!in

daoryn asdf at sfa.we
Wed Feb 17 08:45:00 PST 2010


bearophile Wrote:

> I've seen this change:
> http://dsource.org/projects/dmd/changeset/388
> 
> !in is one of the things I have asked in the first list of requests I have posted in this newsgroup a lot of time ago :-) Glad to see few of those things get implemented. Thank you.
> 
> The related thing I was asking for, is to use "in" for a linear search of single items inside an array, as in Python, a very handy thing that's used frequently (CPython it also implements an efficient algorithm to search for a substring: http://effbot.org/zone/stringlib.htm  But probably Andrei wants such substring search to be a separated algorithm, even if it's very specifically tuned for strings only and not for arrays in general.

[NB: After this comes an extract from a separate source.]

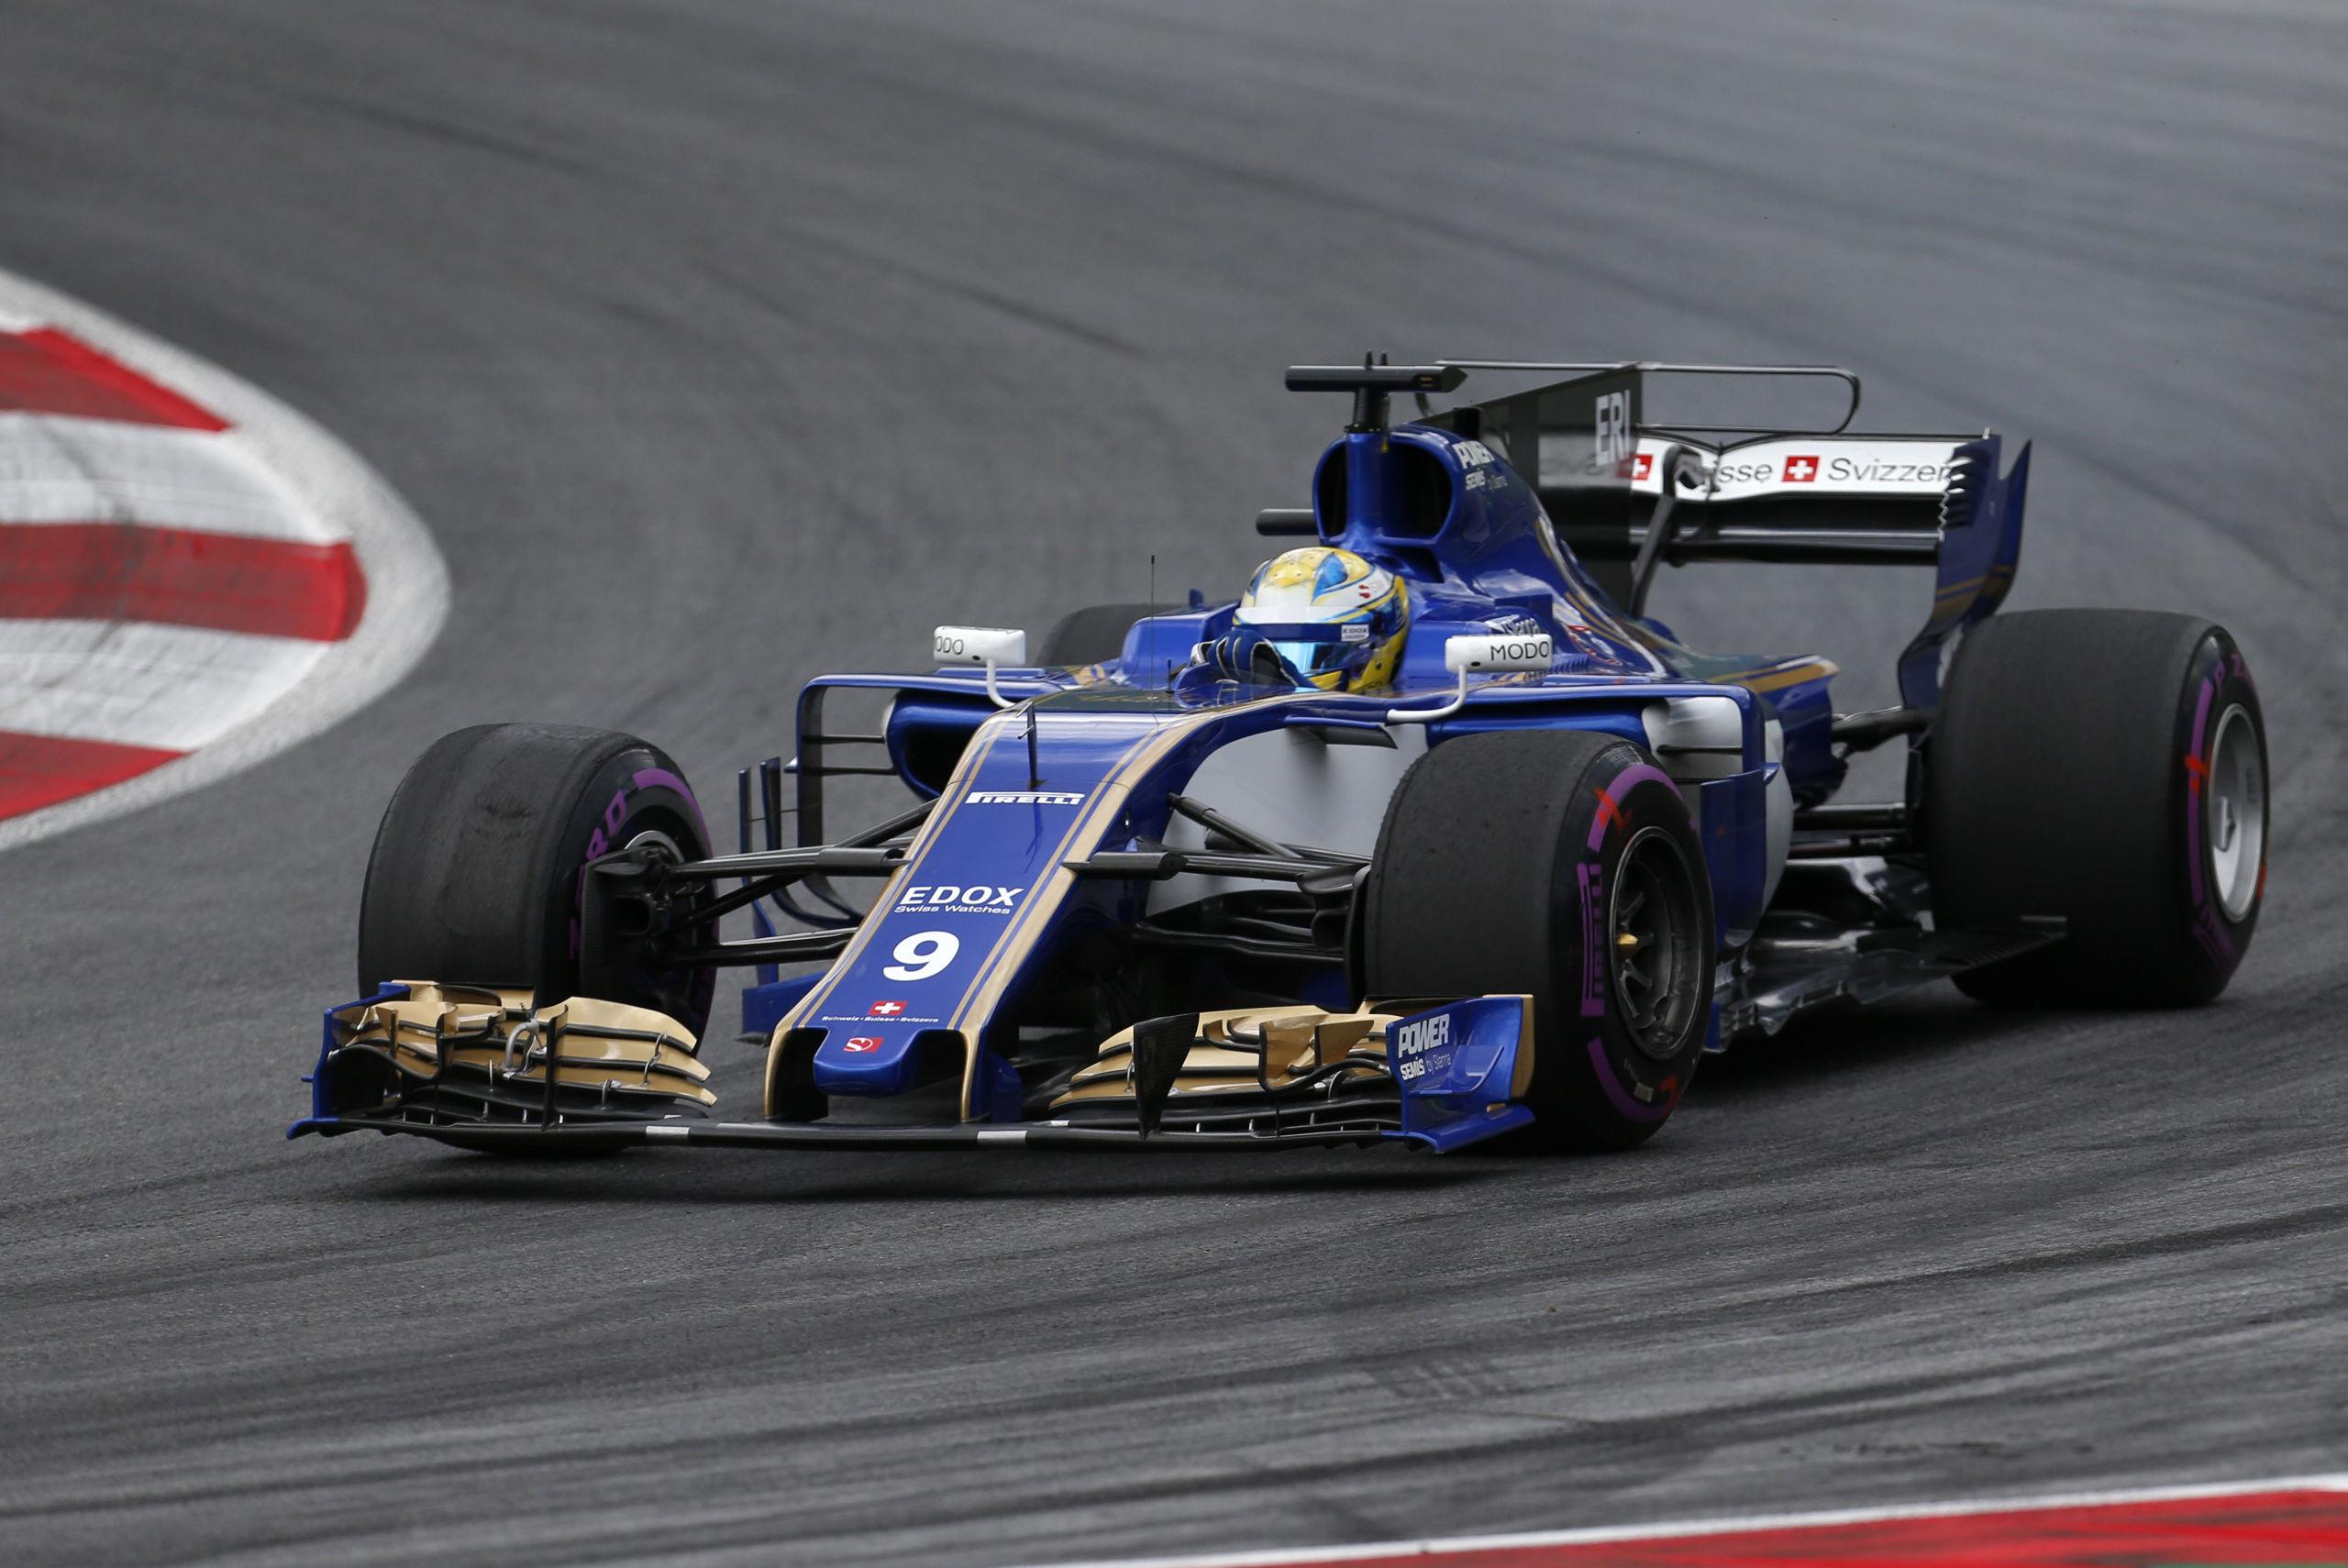 Vettels dromkontrakt gor honom stenrik

I can understand this).
> 
> Bye,
> bearophile

I tried to rename the function opIn hoping it would get automatically assumed to be synonim to the "in" operator, but ended up having to put it on my "common.d" file and explicitly use it.

public bool inArray(T)(in const(T)[] array, in T elem) pure
{
	foreach(size_t i, T e; array) if (e==elem) return true;
	return false;
}

Would be nice also to have a general search function such as

public int findFirst(T)(in const(T)[] haystack, in const(T)[] needle) pure
in
{
	assert(haystack.length!=0, "haystack.length on slices!() == 0");
	assert(needle.length!=0, "haystack.length on slices!() == 0");
	assert(haystack.length>=needle.length, "Needle is bigger than haystack.");
}
out (result)
{
	assert(result>=-1);
	assert(result<=(haystack.length-needle.length));
}
body
{
	const int end=(haystack.length-needle.length)+1;
	for (int i=0; i<end; i++) if (haystack[i..i+needle.length]==needle) return i;
	return -1;
}

I found something similar on std.array but discovered that syntax was very obscure and ended up making my own functions.